Eleven of the last thirteen Justices confirmed to the Supreme Court were nominated by Republican Presidents, and Republican Presidents, starting with Richard Nixon, have run for election against the "liberal" Supreme Court. Little wonder, then, that the Supreme Court has emerged, most powerfully since the replacement of Justice Sandra Day O'Connor with Samuel Alito, as a potent vehicle for moving the country in a conservative direction by, for example, cutting back on federal laws that regulate campaign finance and guns, protect the environment, prohibit discrimination, and promote affirmative action. The dirty little secret of the Court's conservatives is that many of the central planks of the conservative legal agenda depend on just the sort of judicial activism that conservatives love to decry, a point effectively made in a recent and remarkable op-ed in the New York Times by Ramesh Ponnuru. Ponnuru, editor of the staunchly-conservative National Review, cogently explains that the conservative attack on federal civil rights laws cannot be justified by the text and history of our Constitution.

Despite this, conservatives still try to convince the public that the Supreme Court is dangerously liberal. As hopelessly dated as this narrative is, it still holds power with much of the electorate. The challenge for progressive Senators is to use the Sotomayor hearings to change the focus to the 21st Century and the conservative threat of the Roberts Court, and particularly the threat it poses to the authority of Congress. Judiciary Committee Chairman Patrick Leahy and the newly-Democratic Senator Arlen Specter have raised these issues in remarks and letters, but these voices need to become a chorus in order for this new narrative to begin to take hold.

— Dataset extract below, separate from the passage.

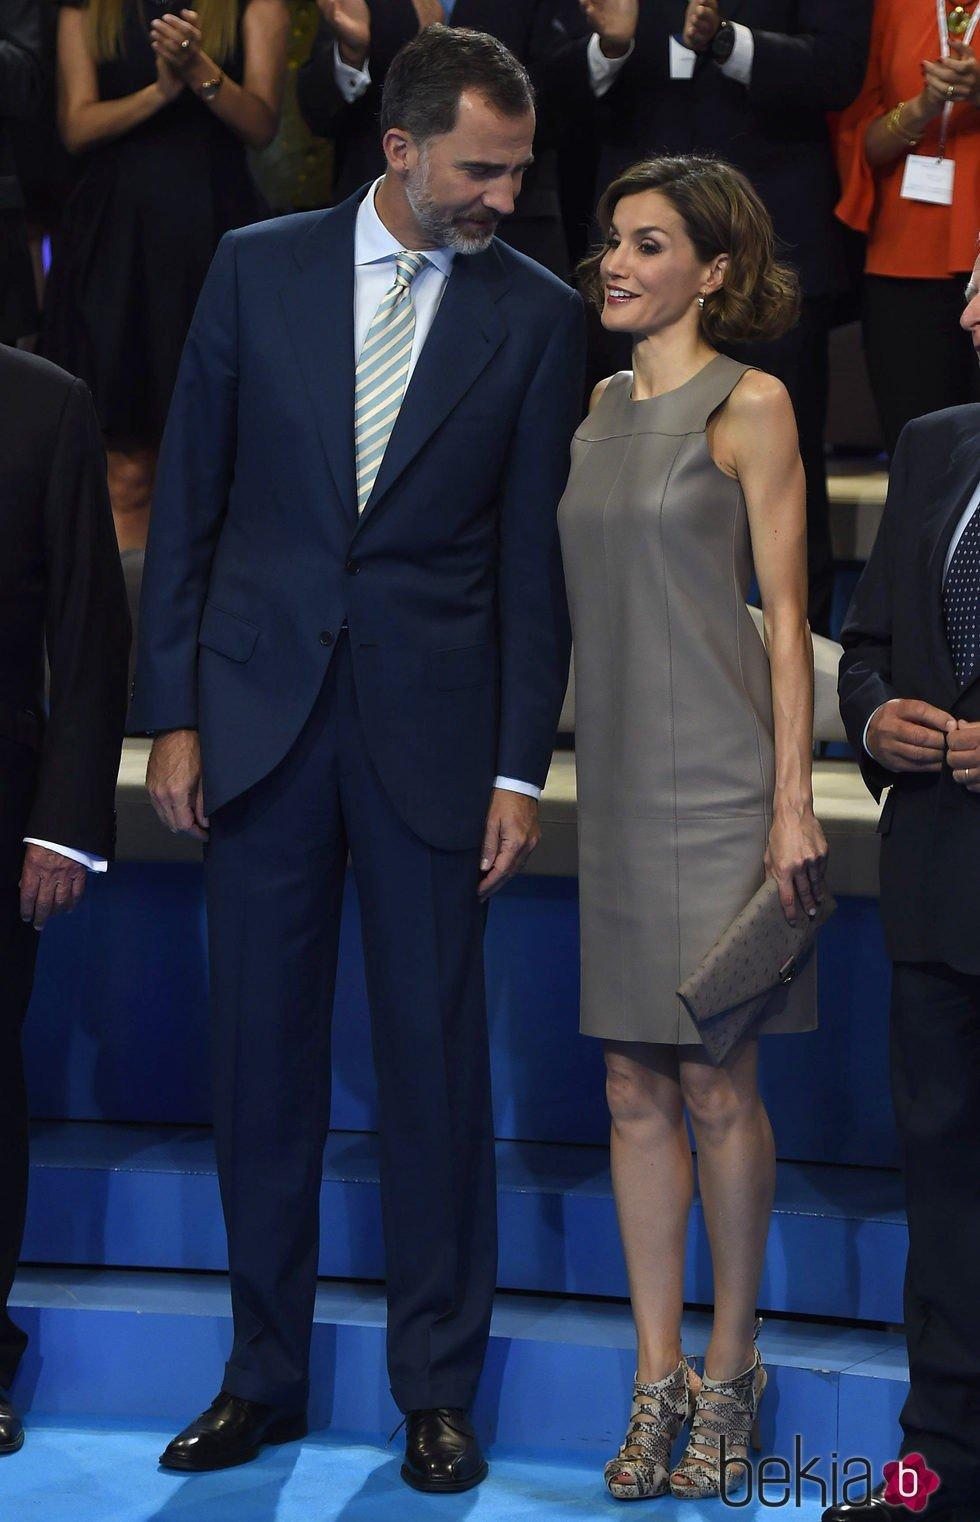 El Rey Felipe VI y la Reina Letizia muy cómplices en la visita a Mediaset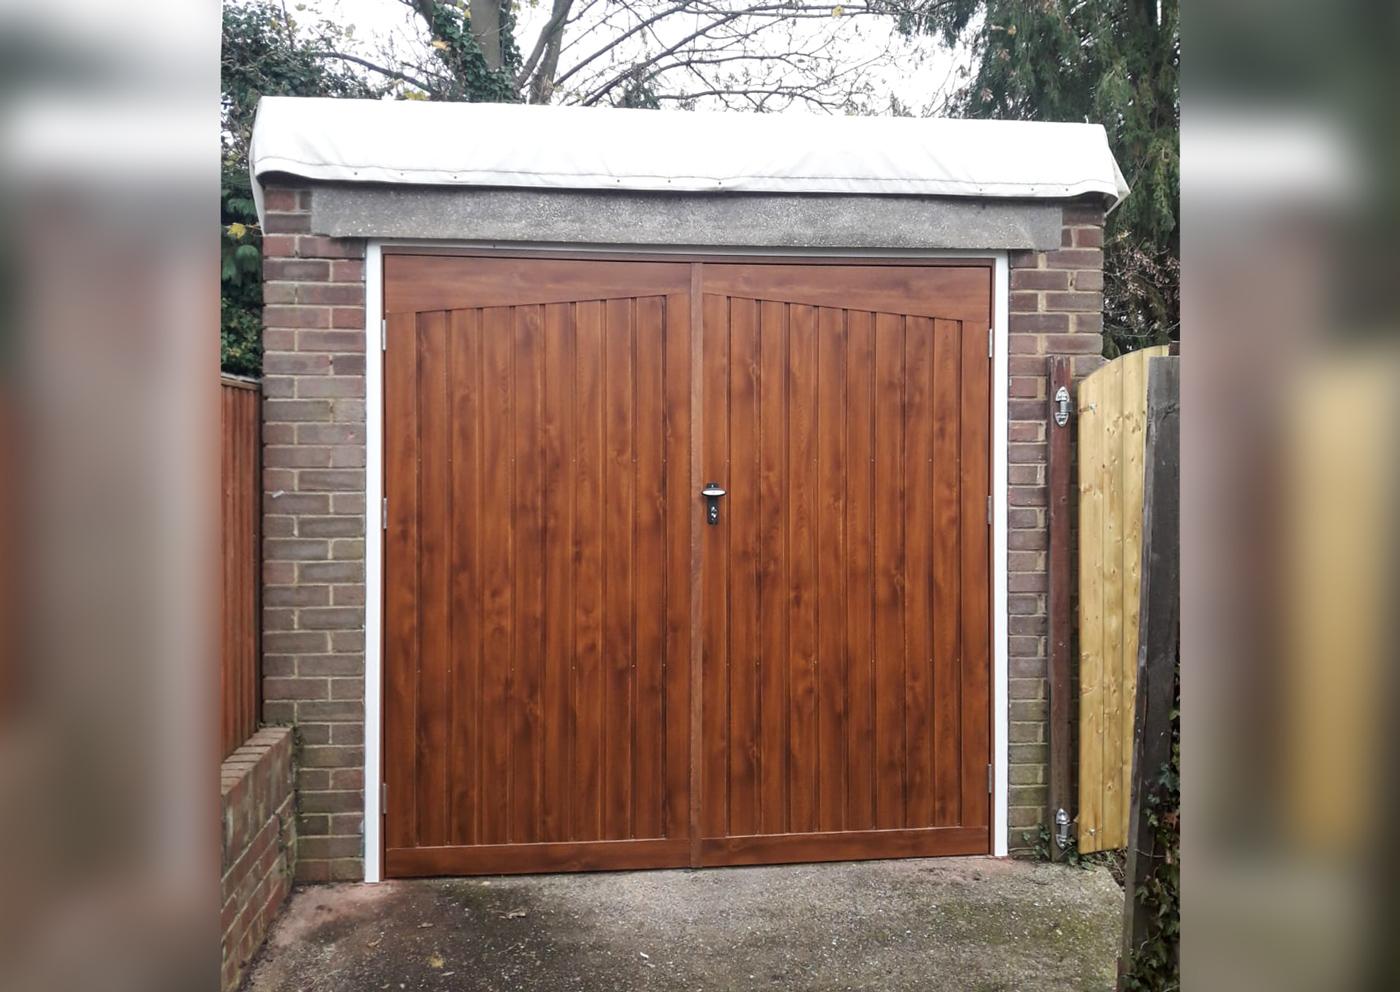 Fort Doors Steel Side Hinged Garage Door in Alton design

Conservative Senators will want to focus the Sotomayor hearings on aspects of their court agenda that are generally popular with the public - namely their promotion of gun rights, their fierce defense of property rights, and their attack on affirmative action. That's why you'll hear more than you ever wanted to know about Judge Sotomayor's votes in cases such as Maloney (gun rights), Didden (property rights), and Ricci (race conscious employment actions). Progressive Senators will want to shift the focus to cases that illustrate how overwhelmingly popular laws, such as the Clean Water Act, the Americans with Disabilities Act, the Voting Rights Act and the Bipartisan Campaign Reform Act, are in significant peril in the Roberts Court. More important, progressive Senators need to start convincing the listening audience that in striking down, limiting and calling these laws into question, conservative Justices on the Court are departing from constitutional text and history and exceeding their judicial role.

It won't be easy for Chairman Leahy and his Democratic colleagues to make this the narrative of the Sotomayor hearings: the press will want to focus more on the judge and her Senate detractors. But Leahy has the Chairman's gavel and a big numerical advantage on the Committee and it is Congress' own turf that's being stepped on by the Roberts Court. There is no better time to raise these concerns than at the confirmation hearings for a new Supreme Court Justice. There is also no better way to establish the need for a Justice, like Sonia Sotomayor, who once stated that "the role of a judge is to follow the law, not to question its plain terms."

Senator Leahy and his colleagues on the Senate Judiciary Committee can help win both the debate over Judge Sotomayor and the broader battle over the future of the Supreme Court by turning the Sotomayor hearings into a referendum on the activism of the Roberts Court. The question is whether they can pull this off.